Sin permiso
En el desapacible invierno de 1929-30, antes de que la Gran Depresión tuviera siquiera nombre, varios centenares de miembros de la Liga de Jóvenes Comunistas, inspirados en el milenarista espíritu del "Tercer Período" de la Komintern, trataron de lanzar una insurrección nacional contra el desempleo y los desahucios. Dirigidos por guerreros de clase como el ventisieteañero Steve Nelson y la dieciseisañera Dorothy Healy (entonces, Rosenblum), no tardaron en ganarse las celdas carcelarias y las palizas que eran el habitual salario que acostumbraba a recibir la libre expresión en la Norteamérica libre de sindicatos.
Pero, como los wobblies de la generación anterior a la suya, o como los SNCC [Comité coordinador estudiantl no violento] de la generación que les siguió, los jóvenes comunistas de la Liga tenían una "audacia para la revuelta" –que se me perdone por el juego de palabras— que se compadecía muy bien con un ansia, crecientemente desesperada, de cambio; en este caso, en las viviendas y en las fábricas. Lo que en diciembre de 1929 eran pequeños nudos de gentes encolerizadas en torno a tribunas callejeras improvisadas, pronto creció hasta convertirse en protesta organizada de centenares de personas en enero de 1930, que, a su vez, inflamada por ocasionales muestras de brutalidad policial, desembocó en febrero en marchas de millares. El 6 de marzo de 1930 –Día Internacional del Desempleo—, los polis se emplearon a fondo en muchas ciudades contra manifestaciones de desempleados. No menos de diez mil provocaron disturbios en Cleveland, mientras que en Union Square, una desmedida carga policial contra una muchedumbre de 35.000 personas generó la mayor batalla callejera conocida en Nueva en Nueva York desde 1863.
La militancia del movimiento de trabajadores desempleados pronto se vio acompañada por campañas anti-desahucio que solían trocar en acciones de guerrilla barrial. La tendencia "ultraizquierdista" de esas protestas, huelga decirlo, fue común y rutinariamente condenada por la izquierda moderada, pero, como acertadamente señaló Irving Bernstein en su ya clásica historia de los primeros tiempos de la Gran Depresión (The Lean Years, 1960), precisamente esas protestas, y no las columnas de opinión o los discursos de los políticos, fueron el catalizador que generó un debate nacional en serio sobre el desempleo:
"Las cabezas sangrantes hicieron pasar el desempleo de noticia menor a titular de primera plana en todos los periódicos importantes de todas las ciudades importantes de los EEUU. Nadie podía permitirse ya seguir ignorando el problema. Las fuerzas no comunistas que buscaban aliviar el desempleo y crear empleo salieron fortalecidas."

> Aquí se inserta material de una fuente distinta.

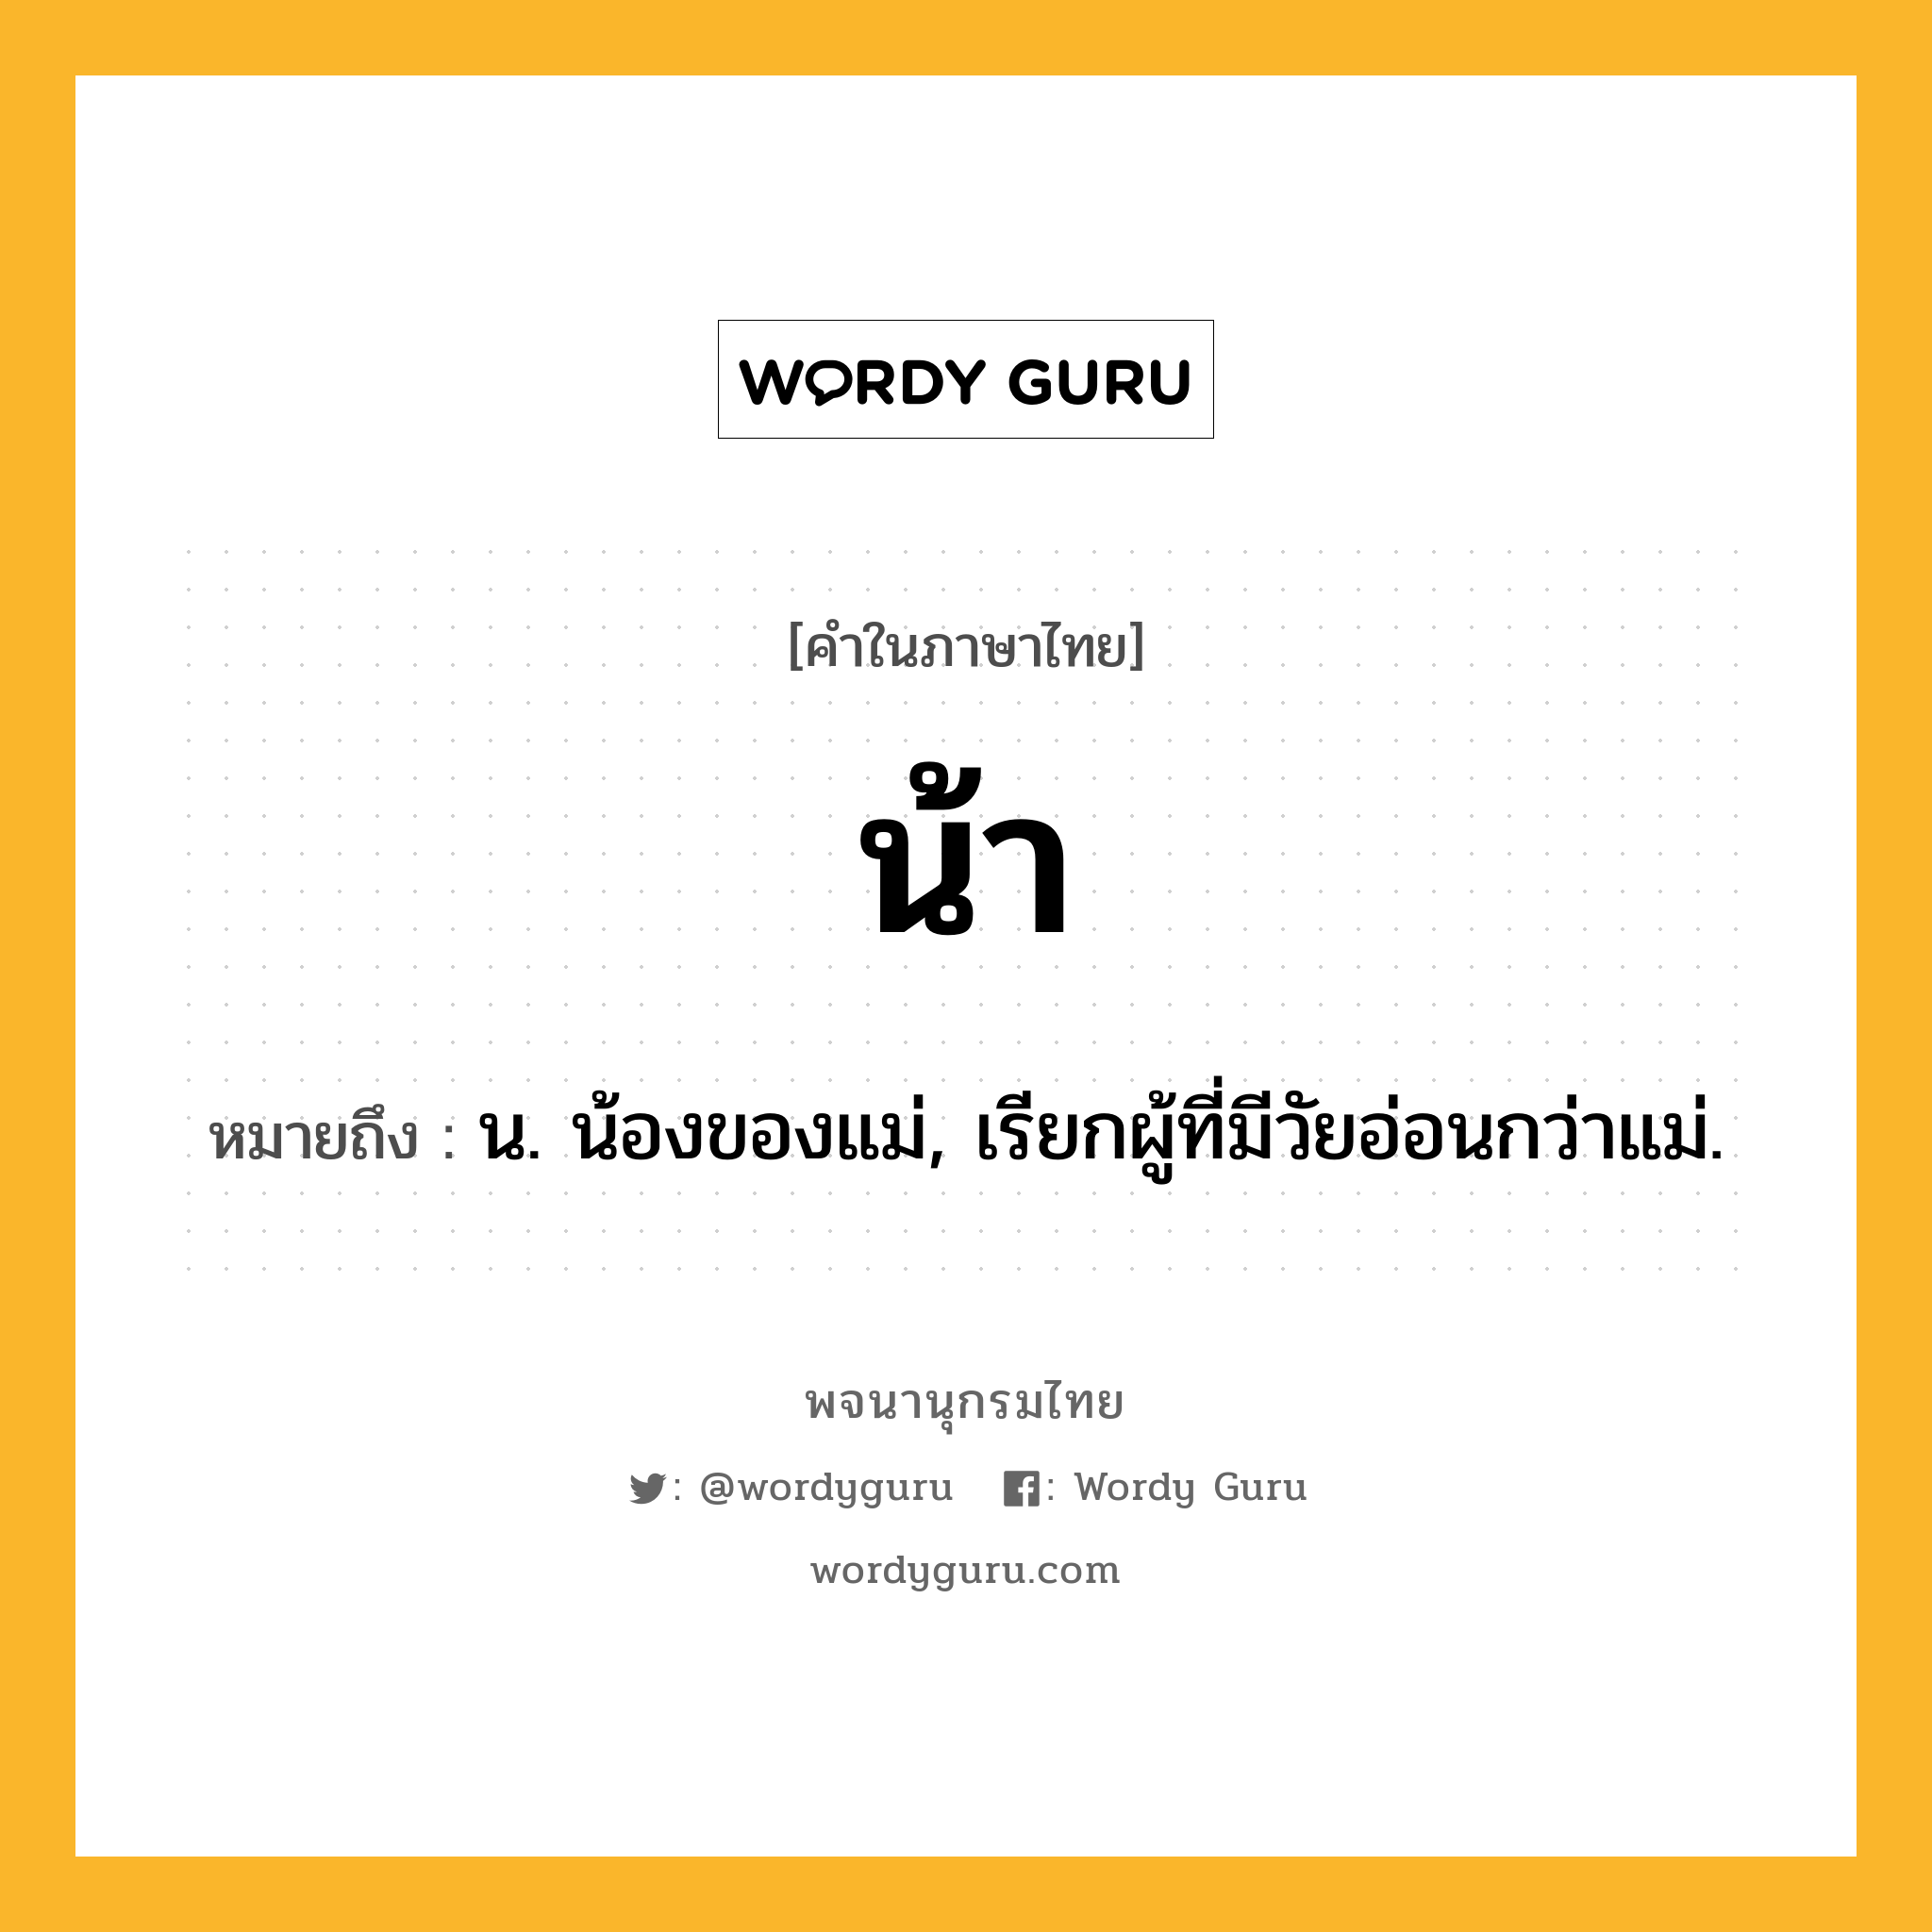 น้า ความหมาย หมายถึงอะไร?, คำในภาษาไทย น้า หมายถึง น. น้องของแม่, เรียกผู้ที่มีวัยอ่อนกว่าแม่.

Ya sé que en nuestros días no es de recibo alabar al Partido Comunista de los EEUU en su momento de mayor sectarismo, ni aplaudir tácticas extremadamente pugnaces, capaces de provocar la respuesta violenta de las autoridades. Pero si los nuestros son tiempos apocalípticos que bordean el final, si es verdad que el cambio social corre el riesgo de llegar "demasiado tarde", según destacó una y otra vez nuestro nuevo presidente en un brillante discurso de campaña aludiendo a otro discurso pronunciado por Martin Luther King en 1967, entonces estamos obligados a ser tan directos y expeditos –"menos grano y más desorden"— como nuestros ancestros populistas y socialistas: necesitamos los desórdenes.
En mi opinión, eso pasa, por lo pronto, por reconocer que no hay soluciones realistas a la actual crisis planetaria. Ninguna. Una transición pronta y pacífica hacia una economía de bajas emisiones de carbono y a un capitalismo de Estado racionalmente regulado no es, ahora mismo, más probable que la realización de un anarquismo barrial capaz de conectar espontáneamente y a escala planetaria las distintas comunidades. Quien se limite a hacer extrapolaciones a partir de la actual correlación de fuerzas, lo más probable es que llegue a un bárbaro equilibrio de triaje, fundado en la extinción de la parte más pobre de la humanidad.
Por mi parte, estoy convencido de que el socialismo/anarco-comunismo –el imperio del mundo del trabajo a escala planetaria— es nuestra única esperanza. Pero es condición epistemológicamente necesaria para que se produzca un debate estratégico y programático serio en la izquierda la elevación de la temperatura en las calles de todo el mundo. Sólo la resistencia puede despejar y aclarar el espacio conceptual que se precisa para sintetizar el significado de las utopías de pequeña escala y sin Estado propugnadas por Rebecca Solnitt (postado a continuación) con la grande, confusa y enlodada pero heroica herencia legada por dos siglos de luchas obreras y anticoloniales contra el imperio del capital.